To reload an optimization state later, instantiate AxClient
with the same DBSettings
and use ax_client.load_experiment_from_database(experiment_name="my_experiment")
.
Evaluation failure: should any optimization iterations fail during evaluation, log_trial_failure
will ensure that the same trial is not proposed again.
_, trial_index = ax_client.get_next_trial()
ax_client.log_trial_failure(trial_index=trial_index)

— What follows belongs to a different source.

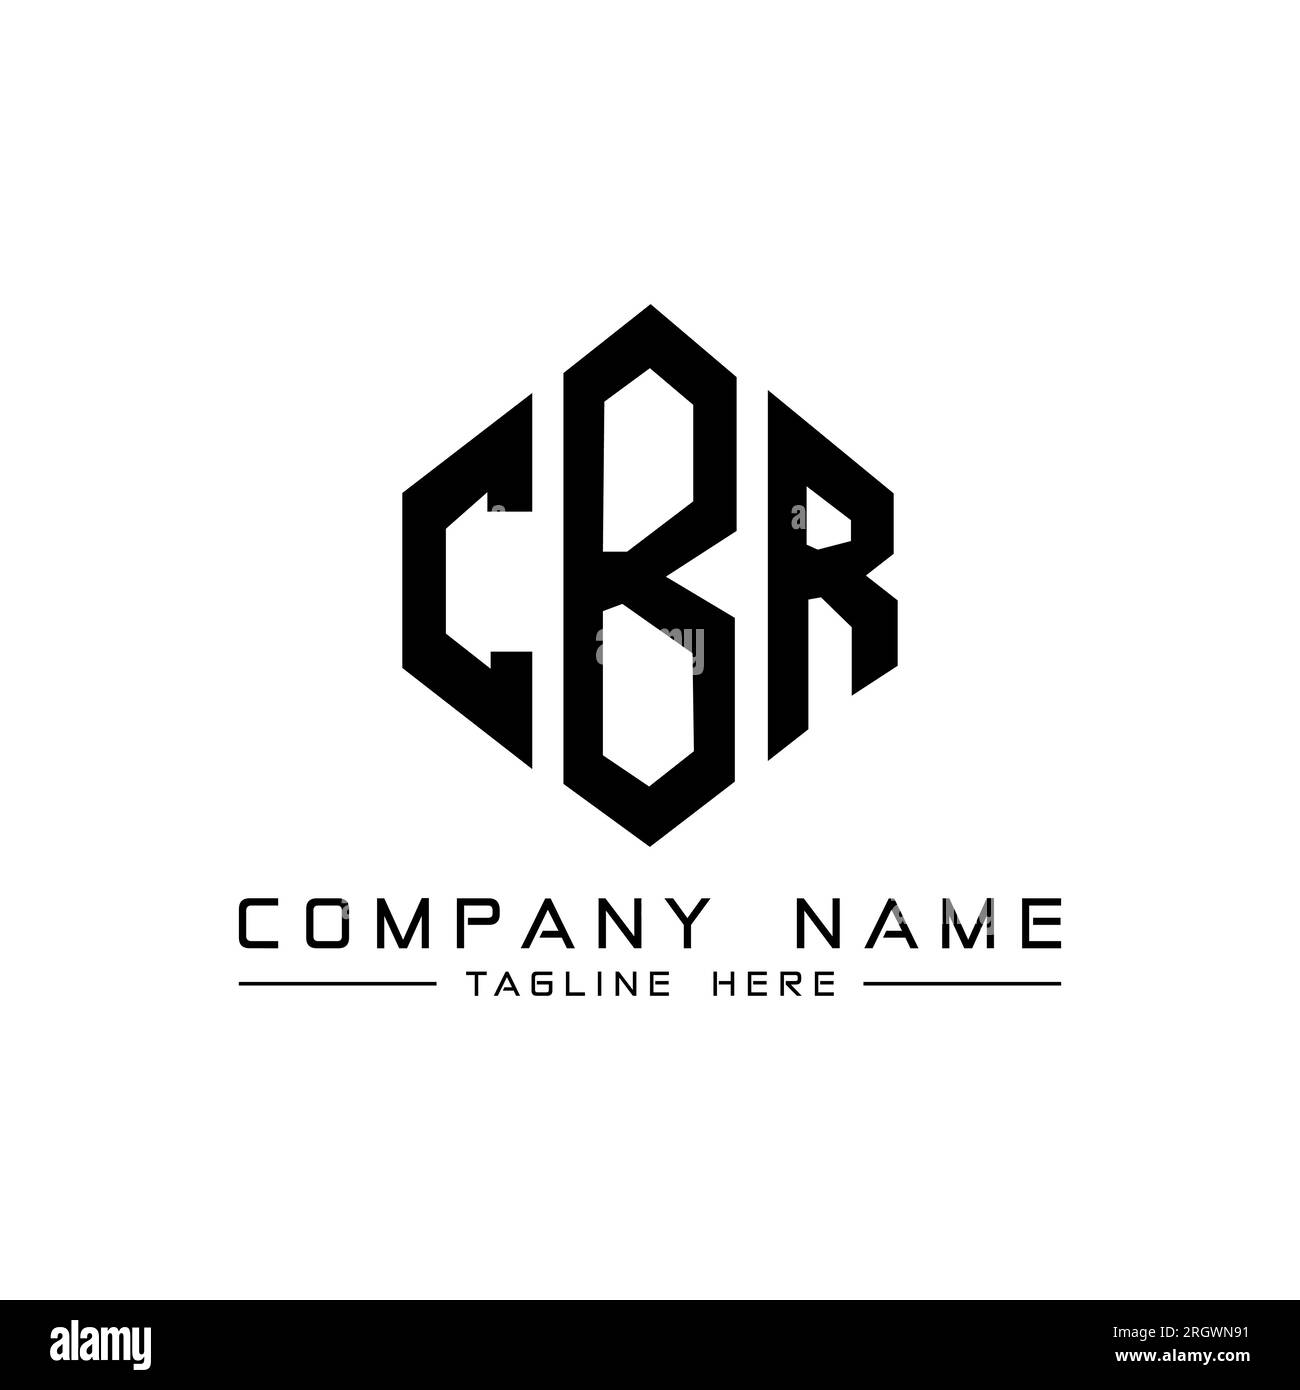 Cbr logo design Black and White Stock Photos & Images - Alamy

Need to run many trials in parallel: for optimal results and optimization efficiency, we strongly recommend sequential optimization (generating a few trials, then waiting for them to be completed with evaluation data). However, if your use case needs to dispatch many trials in parallel before they are updated with data and you are running into the "All trials for current model have been generated, but not enough data has been observed to fit next model" error, instantiate AxClient
as AxClient(enforce_sequential_optimization=False)
.
DataRequiredError
: Ax generation strategy needs to be updated with more data to proceed to the next optimization model. When the optimization moves from initialization stage to the Bayesian optimization stage, the underlying BayesOpt model needs sufficient data to train. For optimal results and optimization efficiency (finding the optimal point in the least number of trials), we recommend sequential optimization (generating a few trials, then waiting for them to be completed with evaluation data). Therefore, the correct way to handle this exception is to wait until more trial evaluations complete and log their data via ax_client.complete_trial(...)
.
However, if there is strong need to generate more trials before more data is available, instantiate AxClient
as AxClient(enforce_sequential_optimization=False)
. With this setting, as many trials will be generated from the initialization stage as requested, and the optimization will move to the BayesOpt stage whenever enough trials are completed.
MaxParallelismReachedException
: generation strategy restricts the number of trials that can be run simultaneously (to encourage sequential optimization), and the parallelism limit has been reached. The correct way to handle this exception is the same as DataRequiredError
– to wait until more trial evluations complete and log their data via ax_client.complete_trial(...)
.
In some cases higher parallelism is important, so enforce_sequential_optimization=False
kwarg to AxClient allows the user to suppress limiting of parallelism. It's also possible to override the default parallelism setting for all stages of the optimization by passing choose_generation_strategy_kwargs
to ax_client.create_experiment
:
ax_client = AxClient()
ax_client.create_experiment(
parameters=[
{"name": "x", "type": "range", "bounds": [-5.0, 10.0]},
{"name": "y", "type": "range", "bounds": [0.0, 15.0]},
],
# Sets max parallelism to 10 for all steps of the generation strategy.
choose_generation_strategy_kwargs={"max_parallelism_override": 10},
)
ax_client.get_max_parallelism() # Max parallelism is now 10 for all stages of the optimization.
Total runtime of script: 3 minutes, 50.11 seconds.